I think I've completed the code pretty well but the last part of the question states:
Modify your program to use an initializer list for the vector, and use a range-based for statement to traverse the vector. Note: These C++11 features are available in g++-4.6 and Visual Studio 2012, but may not be available on other compilers.

I don't understand what the last part is asking.
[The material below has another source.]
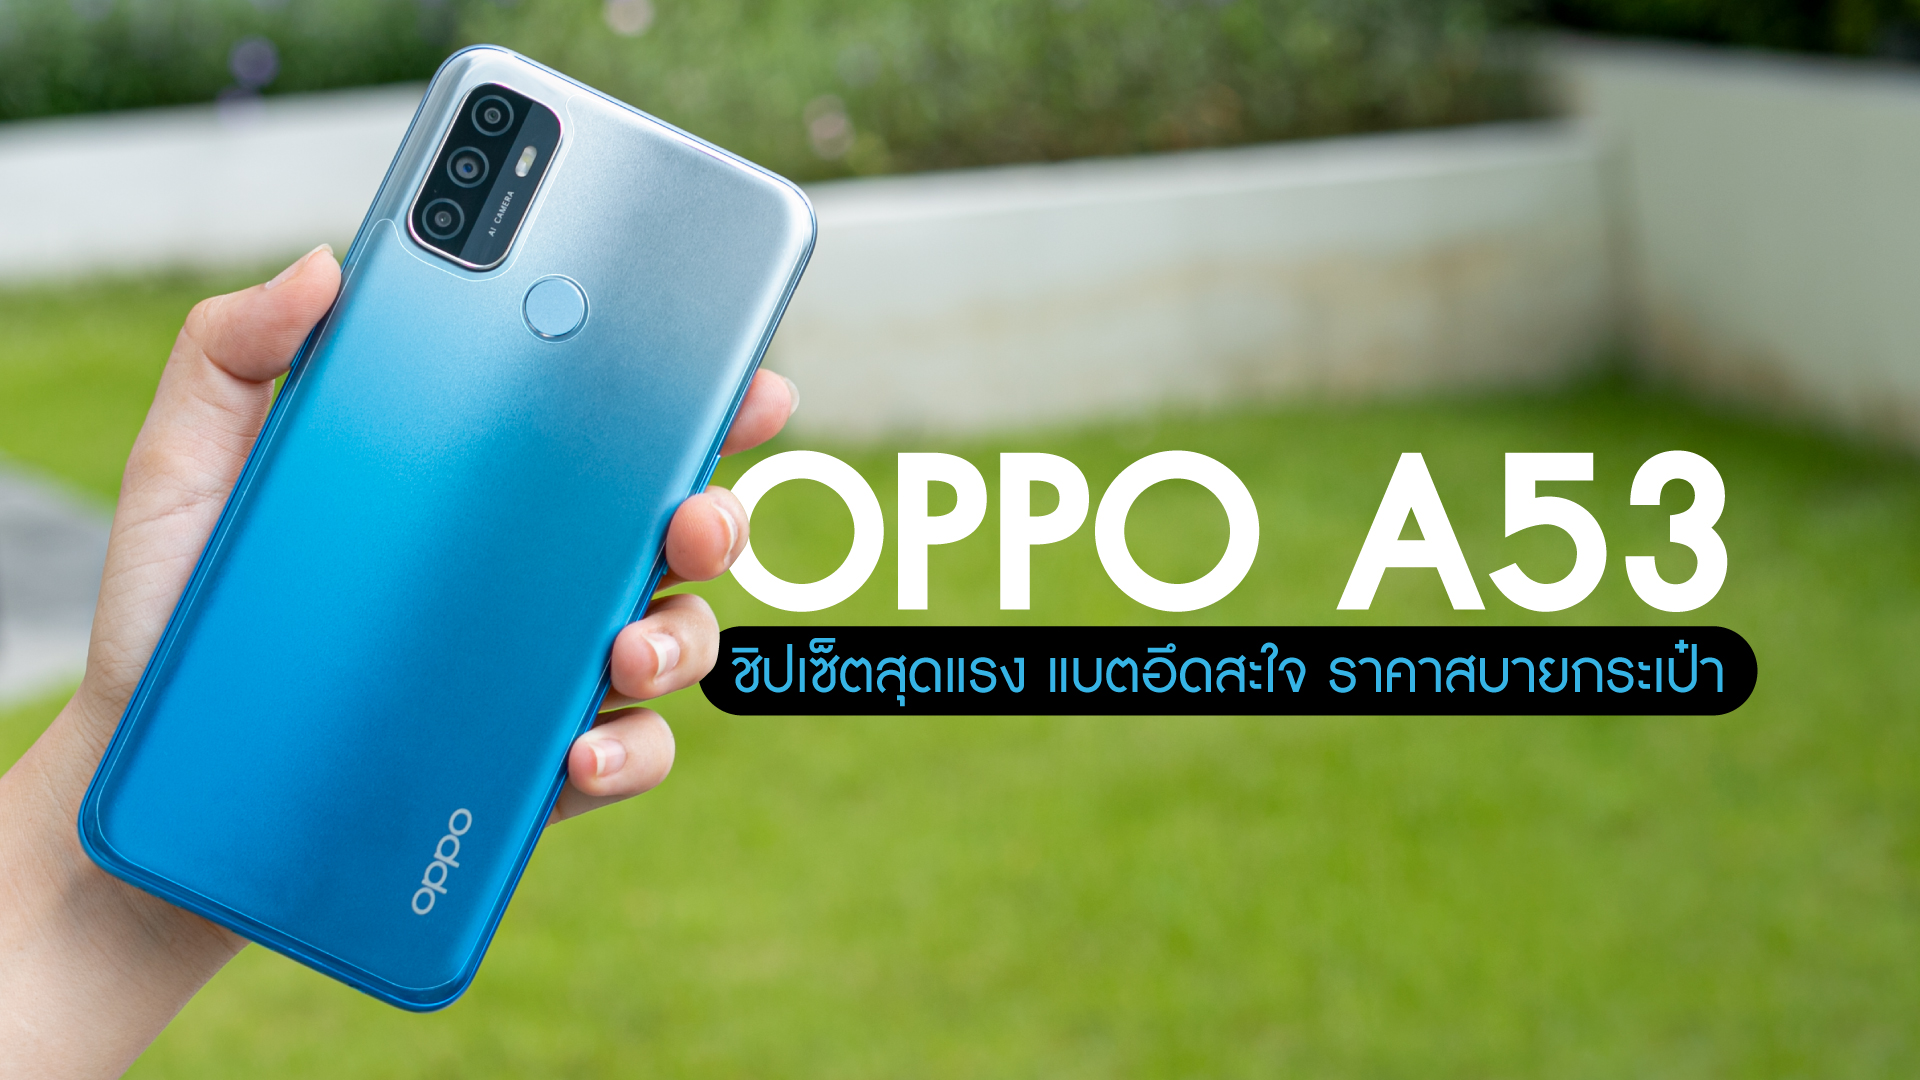 รีวิว OPPO A53 สมาร์ทโฟนชิปเซ็ตสุดแรง แบตอึดสะใจ ในราคาสบายกระเป๋าสุดๆ
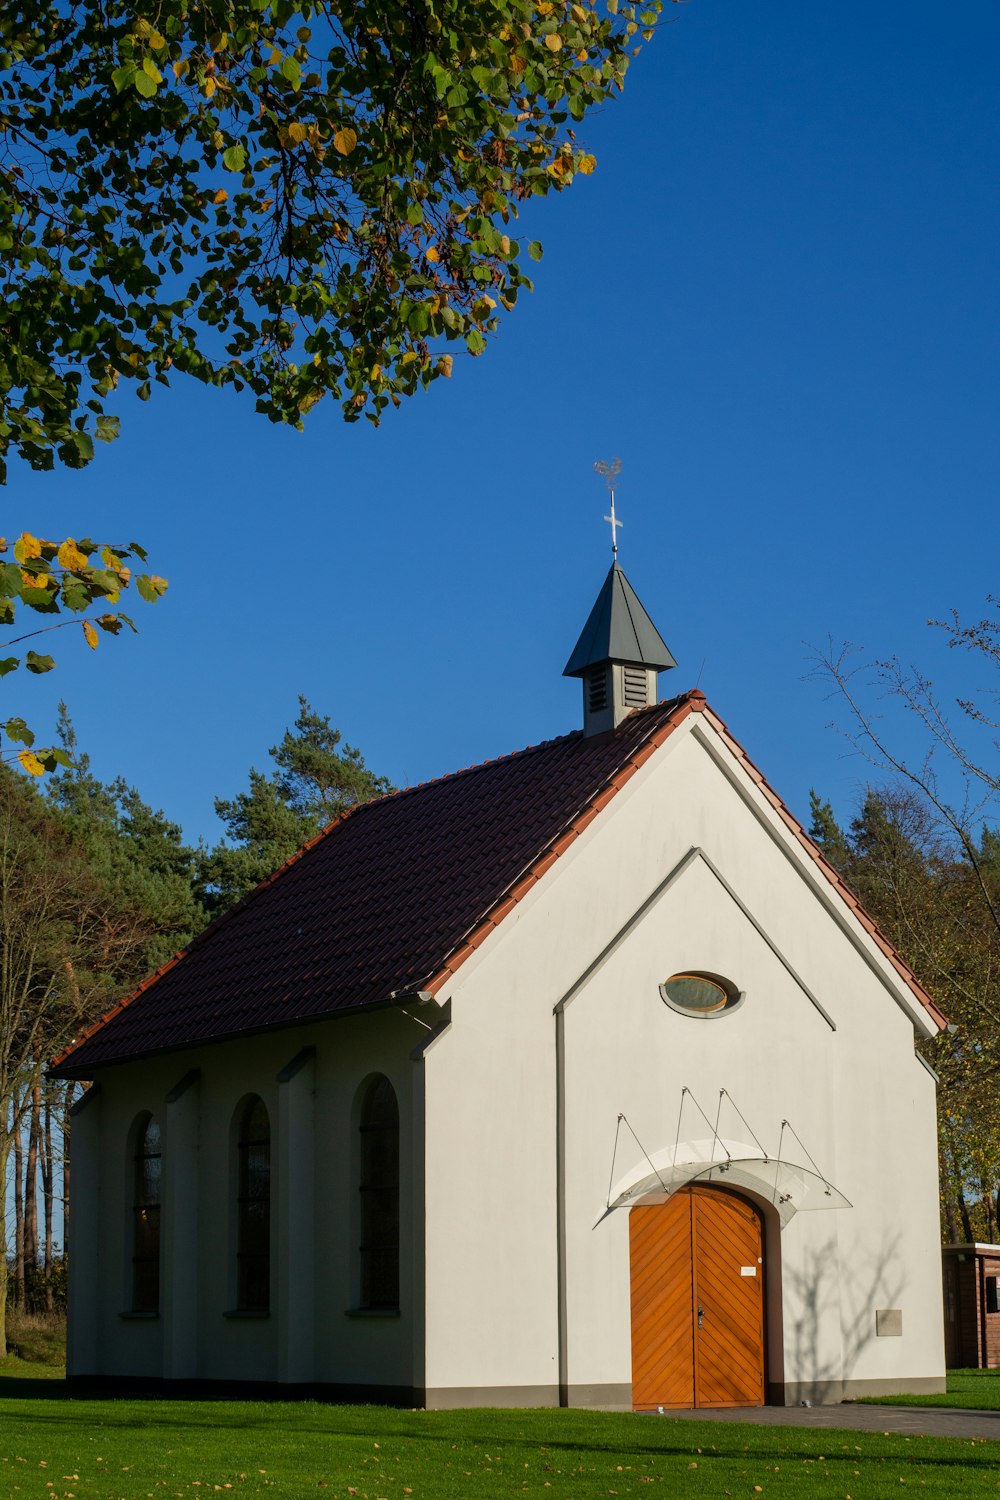 a small white church

Hopefully someone here can explain it to me.

Here is my code:
Any critique on my code format would also be great!

#include "std_lib_facilities_3.h"
vector<int>bills;
    int bill;
int bill_tot(){
        int sum = 1*bills[0]+2*bills[1]+5*bills[2]+10*bills[3]+20*bills[4]+50*bills[5]+100*bills[6];
        return sum;
    }
int main()
try{
    cout << "Enter the number of One Dollar Bills you have: ";
    cin >> bill;
    cout << '\n';
    bills.push_back(bill);
    if (bill<0)
        error("You can't have a negative value.\n");

    cout << "Enter the number of Two Dollar Bills you have: ";
    cin >> bill;
    cout << '\n';
    bills.push_back(bill);
    if (bill<0)
        error("You can't have a negative value.\n");

    cout << "Enter the number of Five Dollar Bills you have: ";
    cin >> bill;
    cout << '\n';
    bills.push_back(bill);
    if (bill<0)
        error("You can't have a negative value.\n");

    cout << "Enter the number of Ten Dollar Bills you have: ";
    cin >> bill;
    cout << '\n';
    bills.push_back(bill);
    if (bill<0)
        error("You can't have a negative value.\n");

    cout << "Enter the number of Twenty Dollar Bills you have: ";
    cin >> bill;
    cout << '\n';
    bills.push_back(bill);
    if (bill<0)
        error("You can't have a negative value.\n");

    cout << "Enter the number of Fifty Dollar Bills you have: ";
    cin >> bill;
    cout << '\n';
    bills.push_back(bill);
    if (bill<0)
        error("You can't have a negative value.\n");

    cout << "Enter the number of One Hundred Dollar Bills you have: ";
    cin >> bill;
    cout << '\n';
    bills.push_back(bill);
    if (bill<0)
        error("You can't have a negative value.\n");


    cout << "You have " << bills[0] <<" One Dollar Bills.\n";
    cout << "You have " << bills[1] <<" Two Dollar Bills.\n";
    cout << "You have " << bills[2] <<" Five Dollar Bills.\n";
    cout << "You have " << bills[3] <<" Ten Dollar Bills.\n";
    cout << "You have " << bills[4] <<" Twenty Dollar Bills.\n";
    cout << "You have " << bills[5] <<" Fifty Dollar Bills.\n";
    cout << "You have " << bills[6] <<" One Hundred Dollar Bills.\n";
    cout << "The value of all your Dollar Bills are $" << bill_tot() << endl;
    keep_window_open();
}
catch (runtime_error e) {   
    cout << e.what() << '\n';
    keep_window_open();
}

I think that the question intends that you use a loop to read in and print out the information about the bills. For instance, the bits like this:

cout << "Enter the number of One Hundred Dollar Bills you have: ";
cin >> bill;
cout << '\n';
bills.push_back( bill );
if ( bill < 0 )
    error("You can't have a negative value.\n");

could be in a loop and then you'd only need to write that bit of code once. To get the text to the user right for each bill, you could have a vector of bill names that you pass into the loop, so that the cout statement would look like:

std::cout << "Enter the number of " << bill_names[ i ] << " Dollar bills that you have:";

This same list would enable you to put the output in a similar loop. That should reduce the amount of code that you have by a factor of about 7. Once you have these loops set up, then you can implement them using the range-based for etc.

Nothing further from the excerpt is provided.